● PROBLEM DESCRIPTION: Transcribe, word for word and without additions, each line below from the one containing "A Small Bronze" through the one containing "a black and", both ends included.

----- SUPPLIED INFORMATION -----

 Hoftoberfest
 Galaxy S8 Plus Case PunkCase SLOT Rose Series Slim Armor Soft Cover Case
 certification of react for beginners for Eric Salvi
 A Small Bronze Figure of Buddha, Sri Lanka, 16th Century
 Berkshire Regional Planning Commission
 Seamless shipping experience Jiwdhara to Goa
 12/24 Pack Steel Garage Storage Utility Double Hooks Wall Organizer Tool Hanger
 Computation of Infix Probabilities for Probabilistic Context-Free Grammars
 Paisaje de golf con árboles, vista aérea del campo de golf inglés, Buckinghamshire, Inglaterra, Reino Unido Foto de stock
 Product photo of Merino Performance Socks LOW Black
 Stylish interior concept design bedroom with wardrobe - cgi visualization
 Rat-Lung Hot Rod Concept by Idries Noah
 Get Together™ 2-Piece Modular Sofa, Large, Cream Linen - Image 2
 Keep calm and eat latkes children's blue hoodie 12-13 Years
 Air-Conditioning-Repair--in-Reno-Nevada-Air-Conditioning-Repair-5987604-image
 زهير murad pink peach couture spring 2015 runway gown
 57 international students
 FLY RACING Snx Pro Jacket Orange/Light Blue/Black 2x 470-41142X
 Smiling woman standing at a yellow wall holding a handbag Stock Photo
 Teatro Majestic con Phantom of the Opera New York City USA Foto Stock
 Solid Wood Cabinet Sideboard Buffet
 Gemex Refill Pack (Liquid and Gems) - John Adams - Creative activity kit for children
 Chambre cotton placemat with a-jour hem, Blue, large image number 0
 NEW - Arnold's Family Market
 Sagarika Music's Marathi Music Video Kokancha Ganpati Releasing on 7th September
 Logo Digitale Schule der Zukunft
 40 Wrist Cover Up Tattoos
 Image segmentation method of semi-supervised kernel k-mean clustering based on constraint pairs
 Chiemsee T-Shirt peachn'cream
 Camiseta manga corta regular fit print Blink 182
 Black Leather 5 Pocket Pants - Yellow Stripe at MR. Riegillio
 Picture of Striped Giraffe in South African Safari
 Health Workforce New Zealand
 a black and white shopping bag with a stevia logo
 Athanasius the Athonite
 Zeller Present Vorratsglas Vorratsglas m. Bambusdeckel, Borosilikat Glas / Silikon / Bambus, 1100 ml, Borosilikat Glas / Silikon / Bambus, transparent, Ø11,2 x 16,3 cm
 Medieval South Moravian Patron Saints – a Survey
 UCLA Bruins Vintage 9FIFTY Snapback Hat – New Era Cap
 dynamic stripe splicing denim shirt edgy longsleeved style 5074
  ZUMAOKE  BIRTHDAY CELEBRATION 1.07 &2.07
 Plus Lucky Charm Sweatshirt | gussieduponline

-----

● SOLUTION:
 A Small Bronze Figure of Buddha, Sri Lanka, 16th Century
 Berkshire Regional Planning Commission
 Seamless shipping experience Jiwdhara to Goa
 12/24 Pack Steel Garage Storage Utility Double Hooks Wall Organizer Tool Hanger
 Computation of Infix Probabilities for Probabilistic Context-Free Grammars
 Paisaje de golf con árboles, vista aérea del campo de golf inglés, Buckinghamshire, Inglaterra, Reino Unido Foto de stock
 Product photo of Merino Performance Socks LOW Black
 Stylish interior concept design bedroom with wardrobe - cgi visualization
 Rat-Lung Hot Rod Concept by Idries Noah
 Get Together™ 2-Piece Modular Sofa, Large, Cream Linen - Image 2
 Keep calm and eat latkes children's blue hoodie 12-13 Years
 Air-Conditioning-Repair--in-Reno-Nevada-Air-Conditioning-Repair-5987604-image
 زهير murad pink peach couture spring 2015 runway gown
 57 international students
 FLY RACING Snx Pro Jacket Orange/Light Blue/Black 2x 470-41142X
 Smiling woman standing at a yellow wall holding a handbag Stock Photo
 Teatro Majestic con Phantom of the Opera New York City USA Foto Stock
 Solid Wood Cabinet Sideboard Buffet
 Gemex Refill Pack (Liquid and Gems) - John Adams - Creative activity kit for children
 Chambre cotton placemat with a-jour hem, Blue, large image number 0
 NEW - Arnold's Family Market
 Sagarika Music's Marathi Music Video Kokancha Ganpati Releasing on 7th September
 Logo Digitale Schule der Zukunft
 40 Wrist Cover Up Tattoos
 Image segmentation method of semi-supervised kernel k-mean clustering based on constraint pairs
 Chiemsee T-Shirt peachn'cream
 Camiseta manga corta regular fit print Blink 182
 Black Leather 5 Pocket Pants - Yellow Stripe at MR. Riegillio
 Picture of Striped Giraffe in South African Safari
 Health Workforce New Zealand
 a black and white shopping bag with a stevia logo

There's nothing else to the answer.